- Exercise brief: The expected output is each line from the one containing "Onkyo SKW-340, SKC-340C" to the last line of the data below, set down exactly, minus the pictures.

- Data to use:
::::
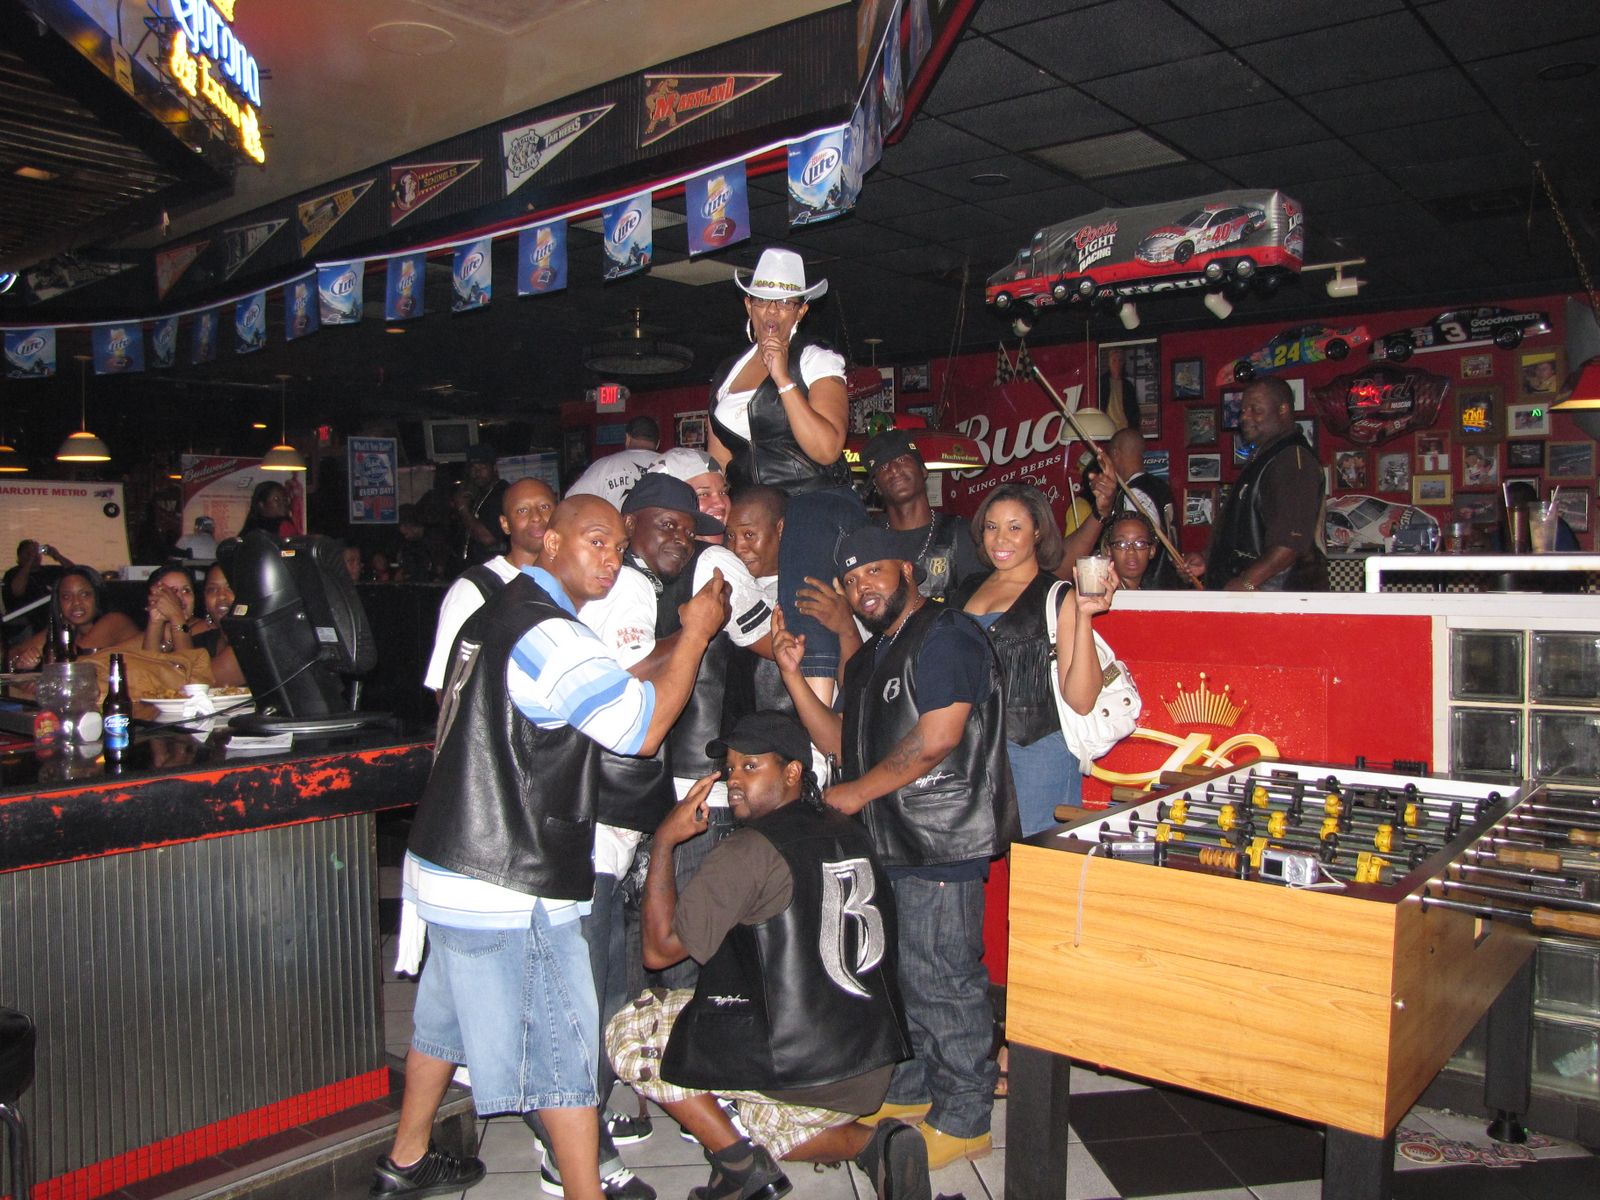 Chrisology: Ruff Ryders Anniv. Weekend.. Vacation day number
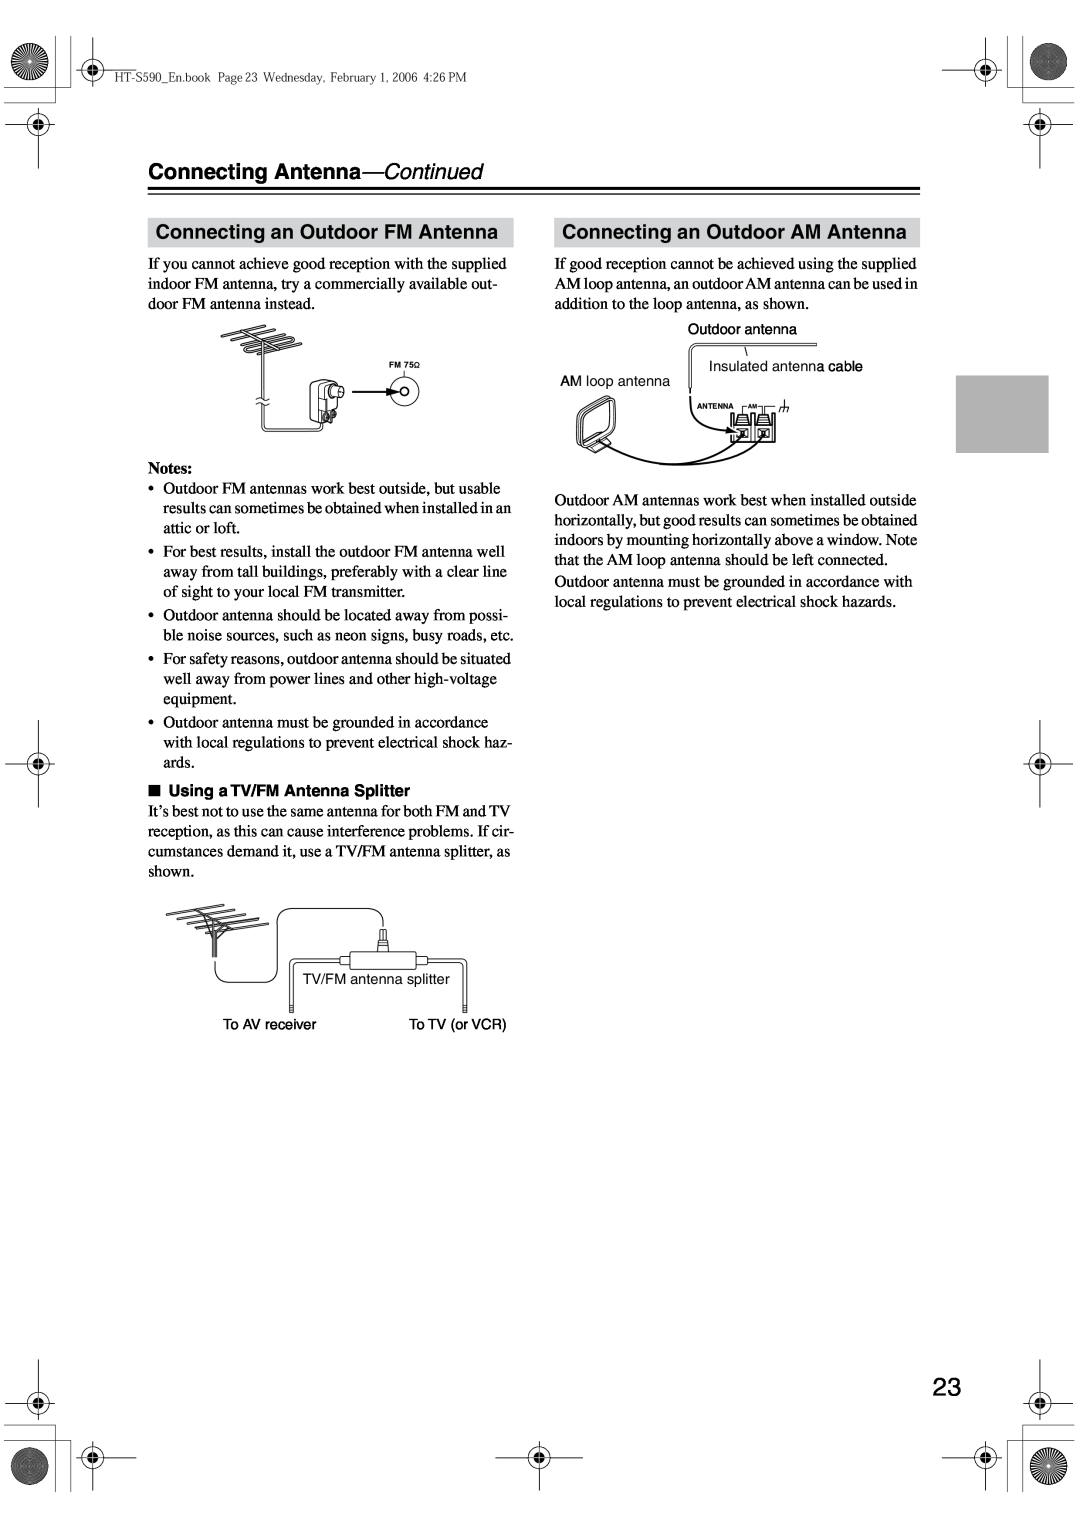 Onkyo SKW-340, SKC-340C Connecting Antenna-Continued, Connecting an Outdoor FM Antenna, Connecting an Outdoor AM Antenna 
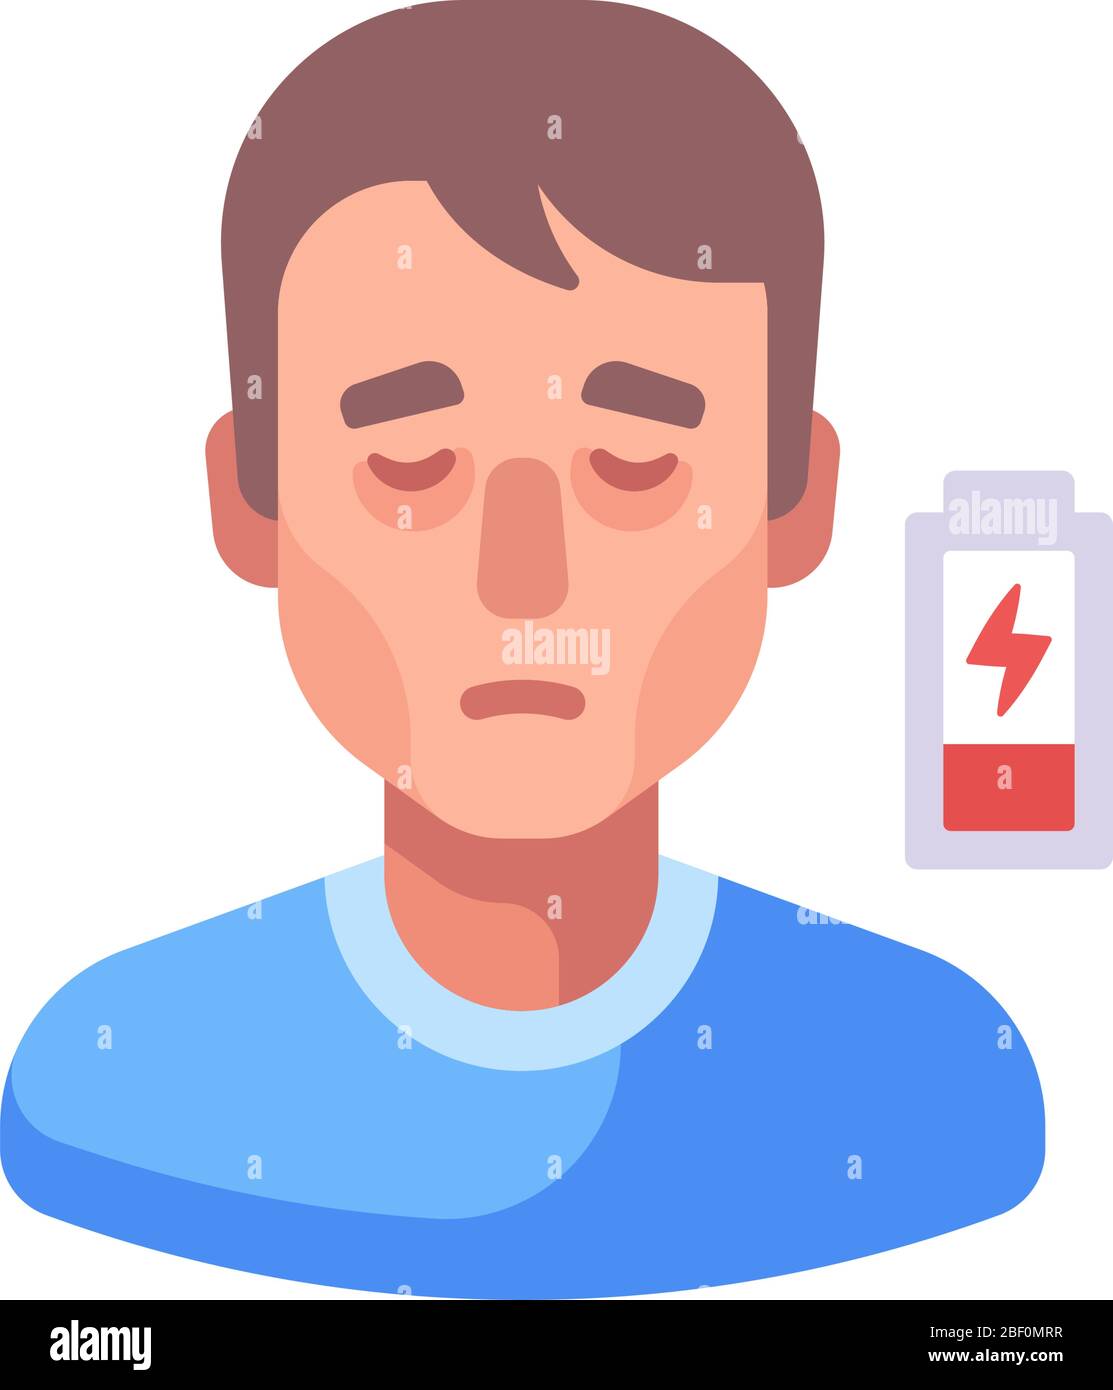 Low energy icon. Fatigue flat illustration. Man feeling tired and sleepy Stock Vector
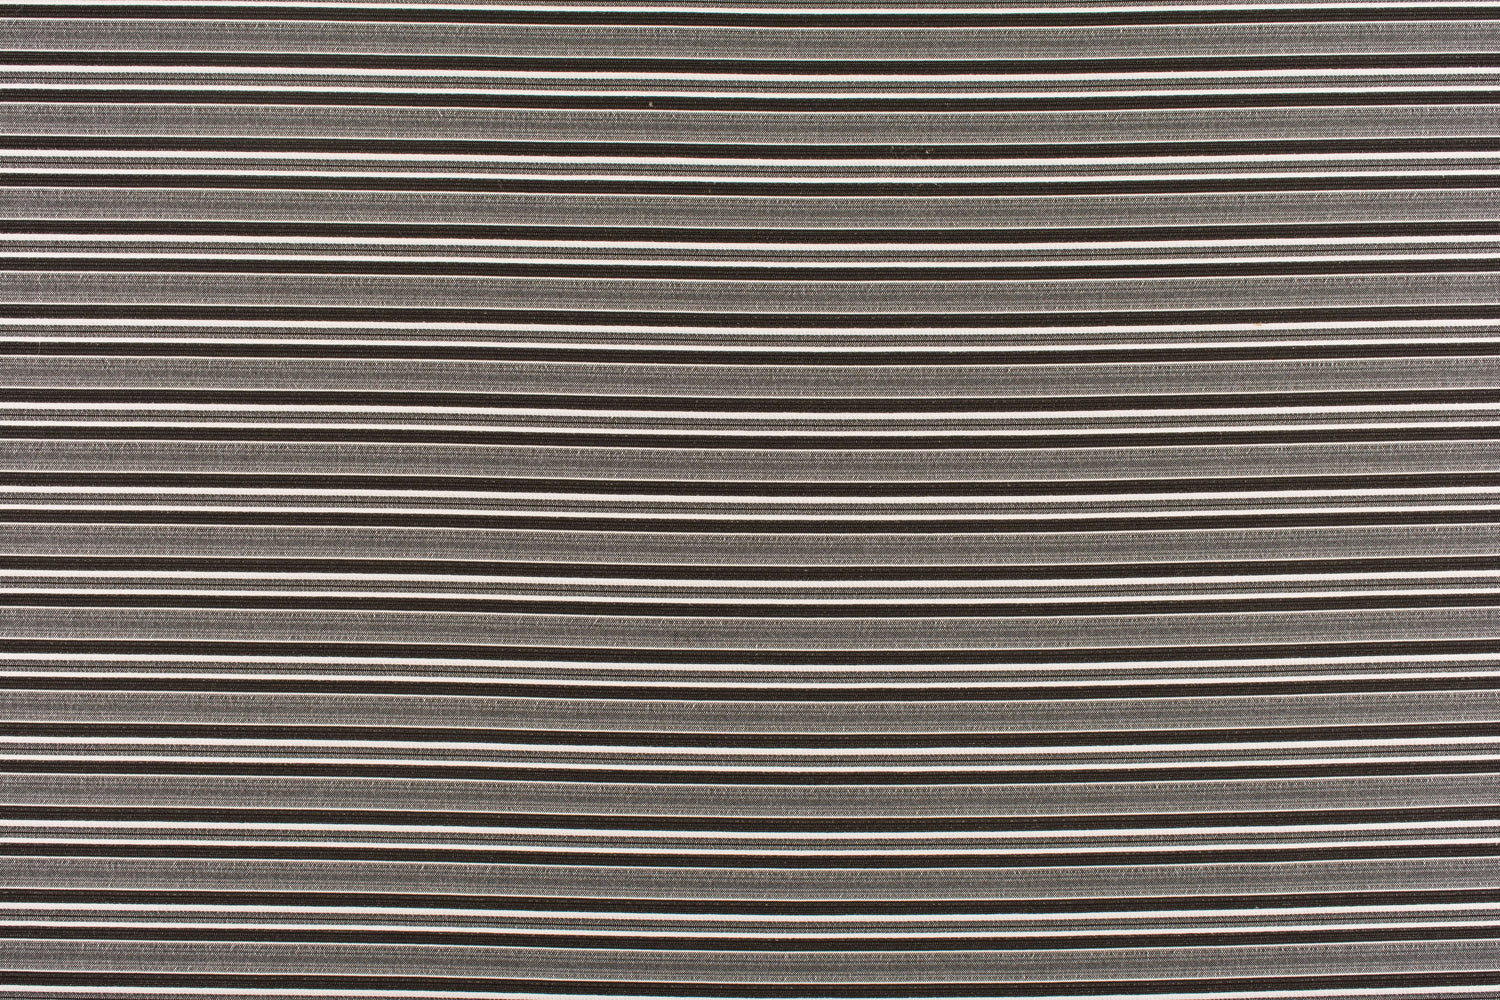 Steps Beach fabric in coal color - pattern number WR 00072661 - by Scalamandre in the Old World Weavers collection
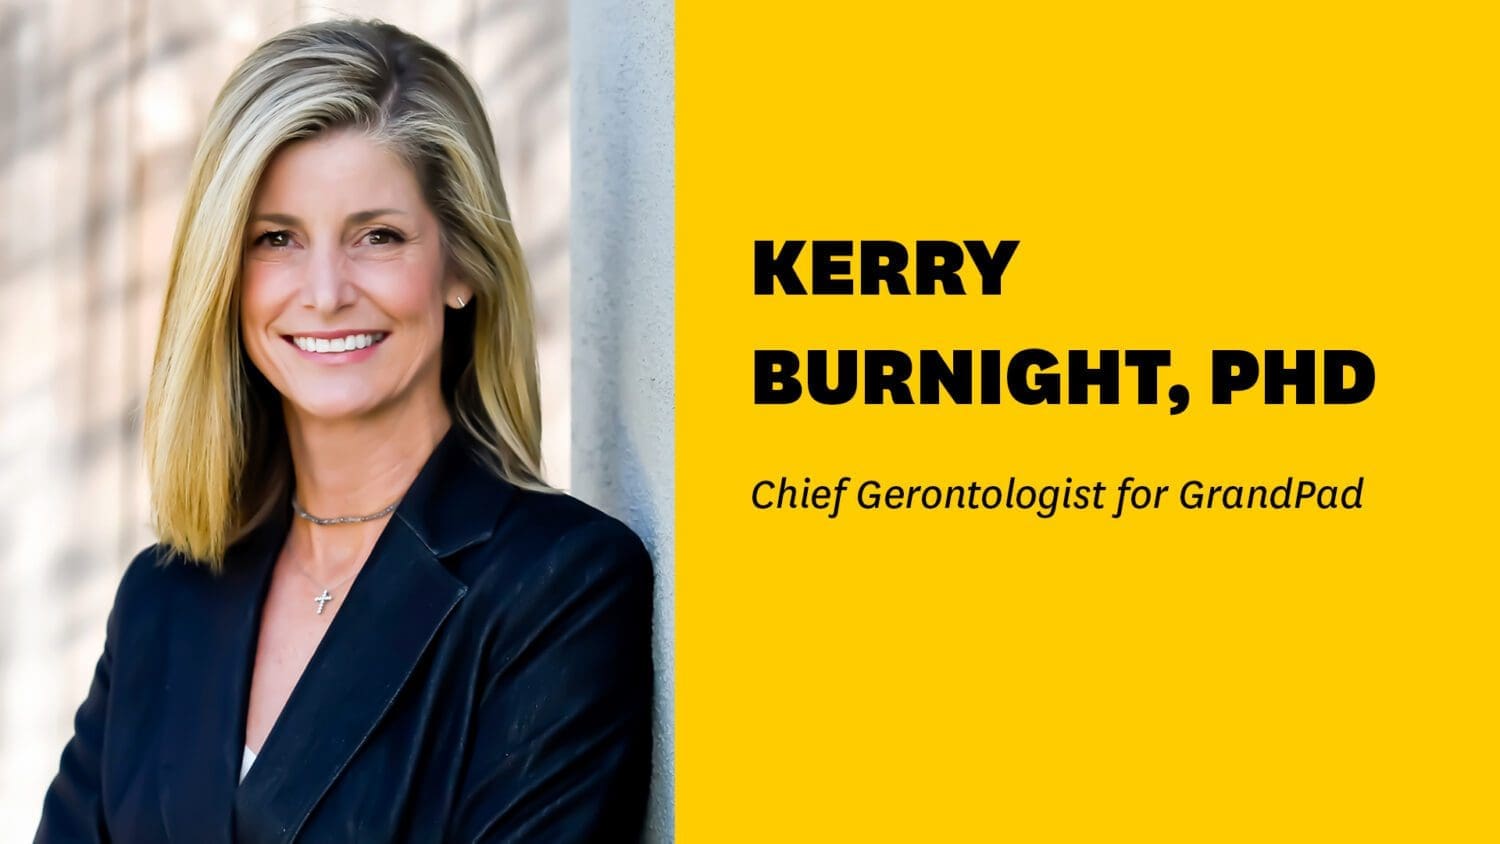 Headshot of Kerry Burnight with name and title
::::
- Exercise answer:
 Onkyo SKW-340, SKC-340C Connecting Antenna-Continued, Connecting an Outdoor FM Antenna, Connecting an Outdoor AM Antenna 
 Low energy icon. Fatigue flat illustration. Man feeling tired and sleepy Stock Vector
 Steps Beach fabric in coal color - pattern number WR 00072661 - by Scalamandre in the Old World Weavers collection
 Headshot of Kerry Burnight with name and title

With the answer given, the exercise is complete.